The latest draft is significantly shorter than the previous version, and it taps the “Board of Governors of the Federal Reserve System” to be the primary regulator and author of the requirements for qualified stablecoin issuers. “The primary Federal payment stablecoin regulators may issue such orders and regulations as may be necessary to administer and carry out the requirements of this section, including to establish conditions, and to prevent evasions thereof,” the draft bill reads.
The bill still allows state regulators to oversee stablecoin issuers operating in their jurisdiction, but gives them the option to hand responsibility to the Fed if they so choose.
“A State payment stablecoin regulator shall have supervisory, examination, and enforcement authority over a State qualified payment stablecoin issuer of such State,” the bill reads, but “may enter into a memorandum of understanding with the Board, by mutual agreement, under which the Board carries out the supervision, examination, and enforcement authority.”
It also gives the Fed new powers to intervene against state-regulated issuers in emergency situations.
“In exigent circumstances, the Board may, after no less than 48 hours prior written notice to the applicable State payment stablecoin regulator, take an enforcement action against a State qualified payment stablecoin issuer or an institution-affiliated party of such issuer,” it reads. The Board would have 180 days from the enactment of the bill to outline exactly what those “exigent circumstances” would be, and these provisions “do not preempt any law of a State and do not supersede any State licensing requirement.”
The new draft also removes the section in the earlier version which called for research into a possible central bank digital currency (CBDC) or ‘digital dollar’, which has been receiving considerable pushback from legislators and industry.

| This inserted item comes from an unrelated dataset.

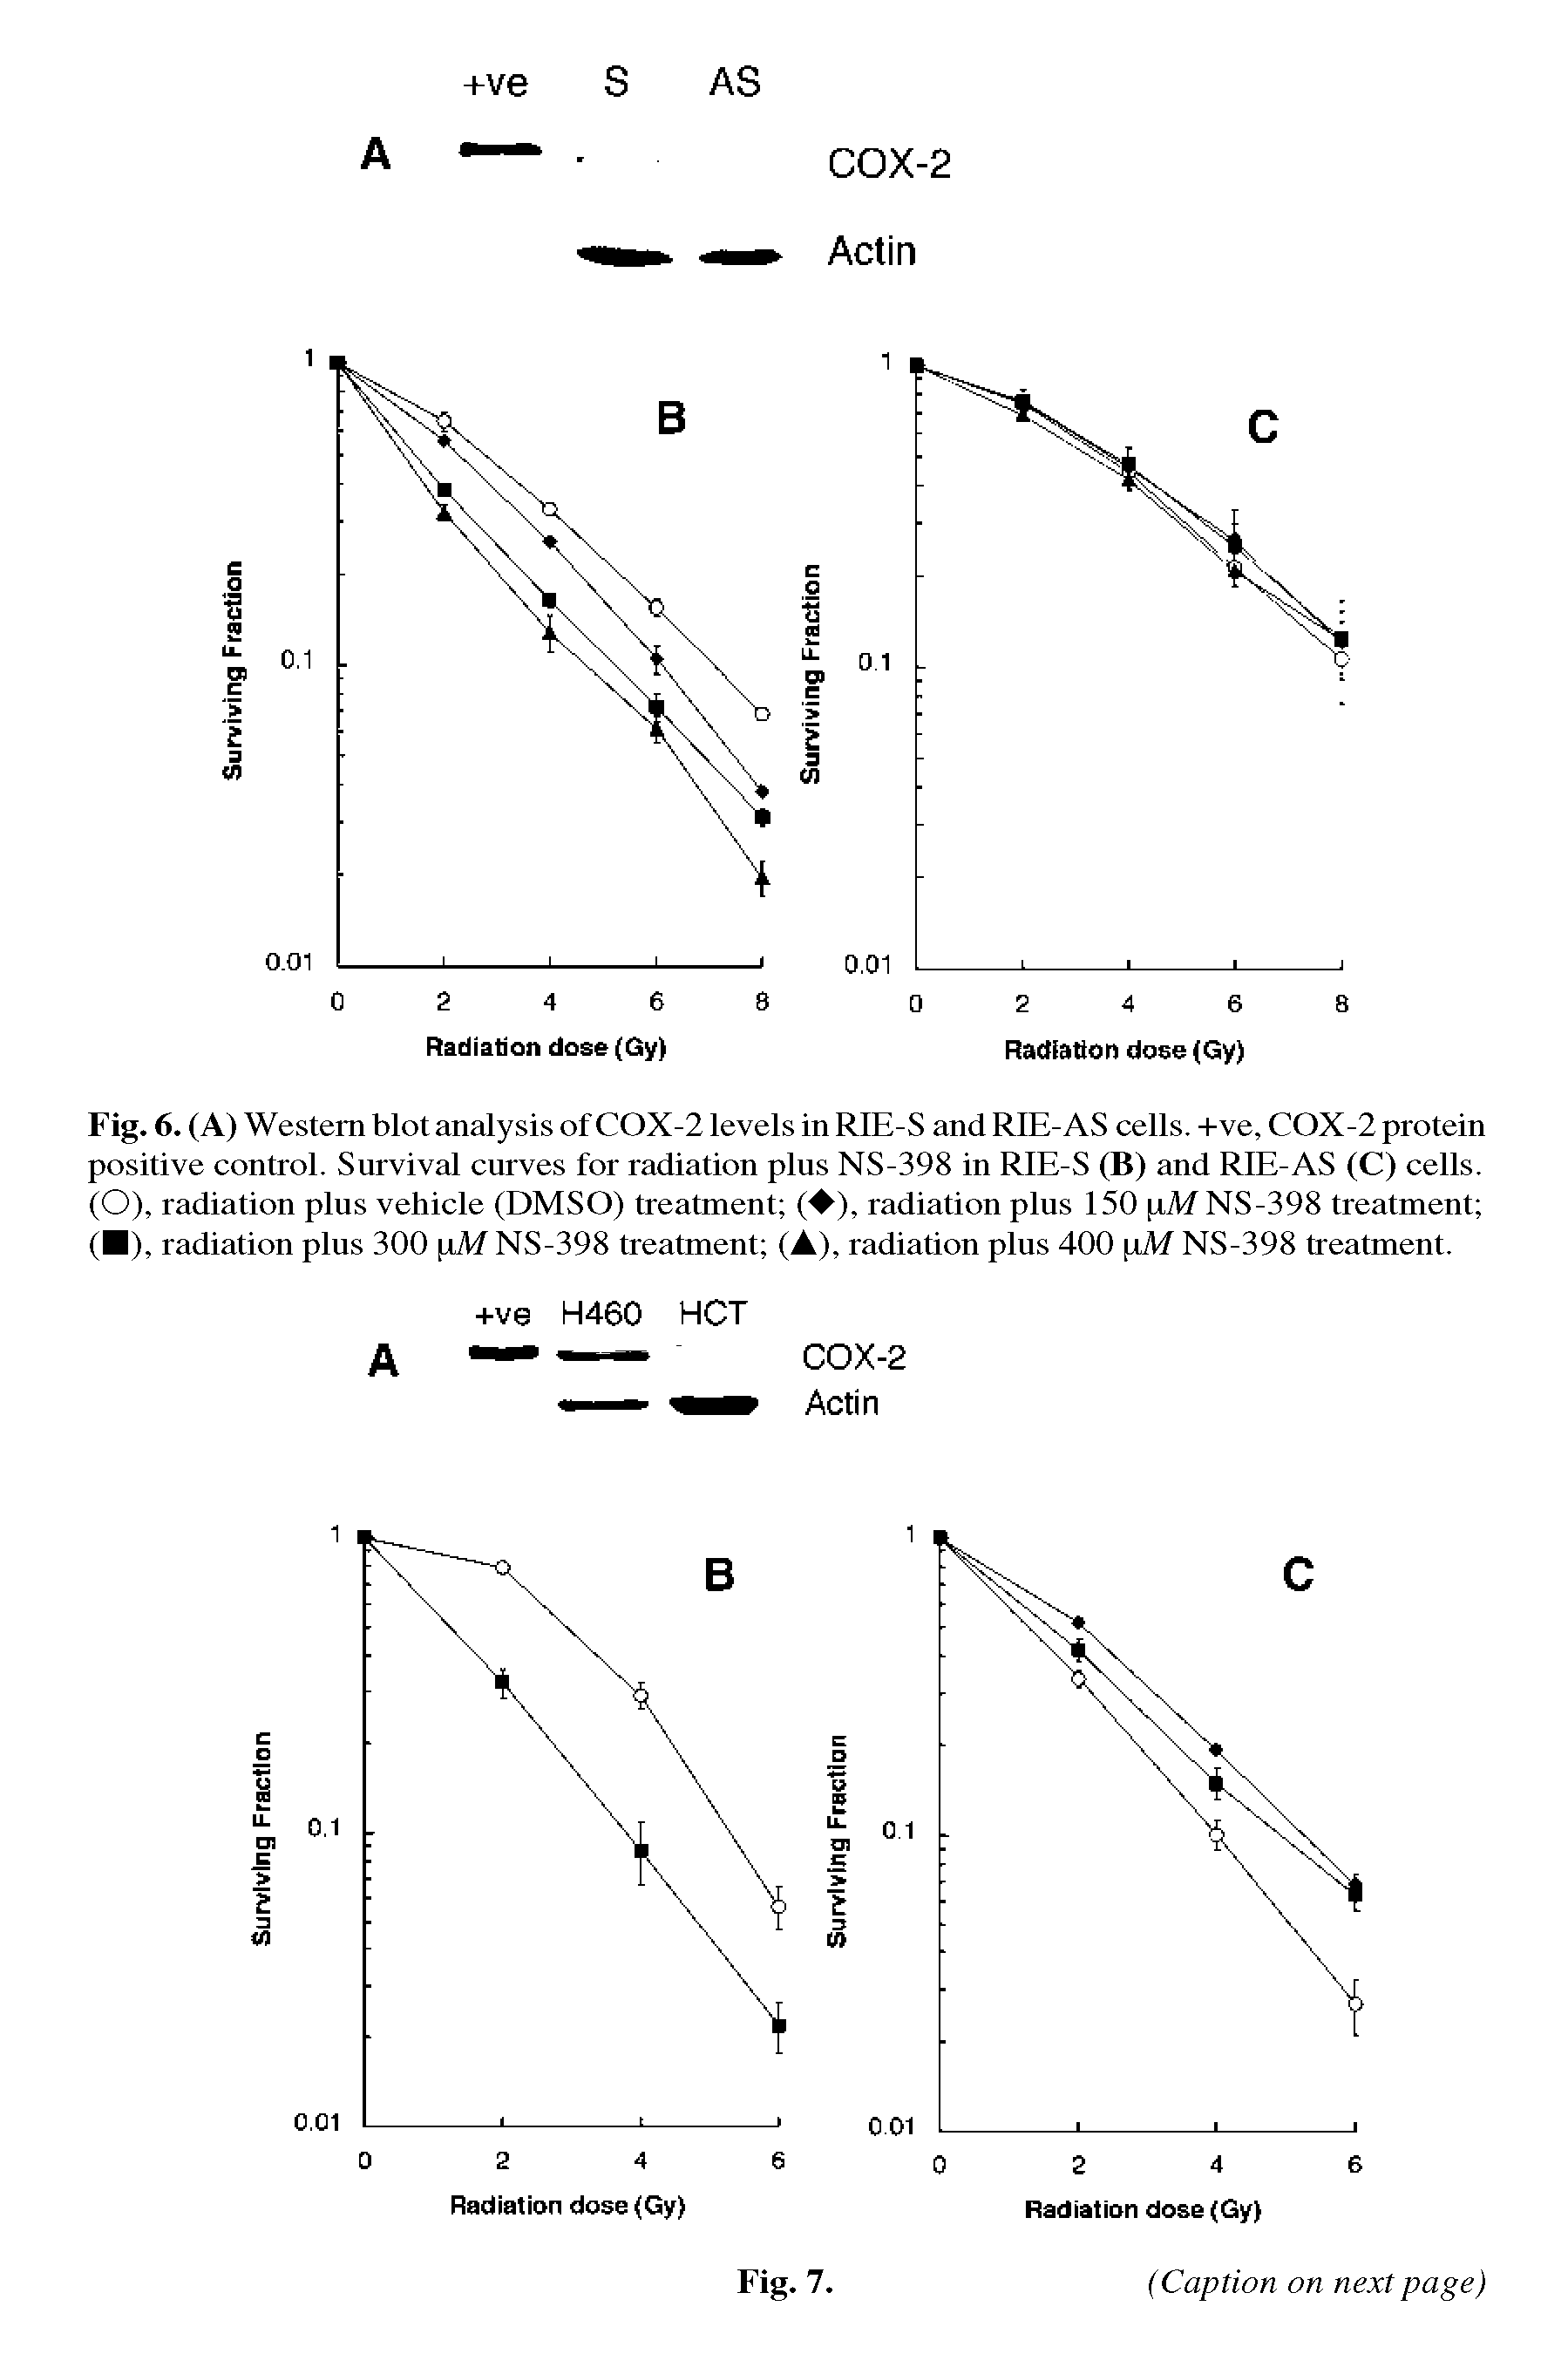 Fig. 6. (A) Western blot analysis of COX-2 levels in RIE-S and RIE-AS cells. +ve, COX-2 protein positive control. Survival curves for radiation plus NS-398 in RIE-S (B) and RIE-AS (C) cells. (O), radiation plus vehicle (DMSO) treatment ( ), radiation plus 150 pM NS-398 treatment ( ), radiation plus 300 pM NS-398 treatment (A), radiation plus 400 pM NS-398 treatment.

Finally, the bill proposes to amend the Investment Advisers Act, the Investment Company Act, the Securities Act, the Securities Exchange Act, and the Securities Investor Protection Act by adding a clause which excludes payment stablecoins from classification as securities. “The term ‘security’ does not include a payment stablecoin issued by a permitted payment stablecoin issuer, as such terms are defined, respectively, in section 2 of the [final bill],” it reads.
The draft leaves stablecoin reserve requirements and consumer protection rules essentially unchanged, and also maintains the two-year moratorium on so-called ‘algorithmic’ stablecoins.
The new draft of the stablecoin bill was published ahead of the June 13 hearing where the committee will get input from industry experts, including Circle co-founder and CEO Jeremy Allaire, Ava Labs founder and CEO Emin Gün Sirer, and Thomas Sexton III, President and CEO of the National Futures Association.
The committee will also hear from Steptoe & Johnson LLP partner Coy Garrison, formerly counsel to SEC Commissioner Hester Peirce, who has been a vocal critic of the enforcement actions of her own agency and has often come out forcefully and publicly against the positions of SEC chair Gary Gensler.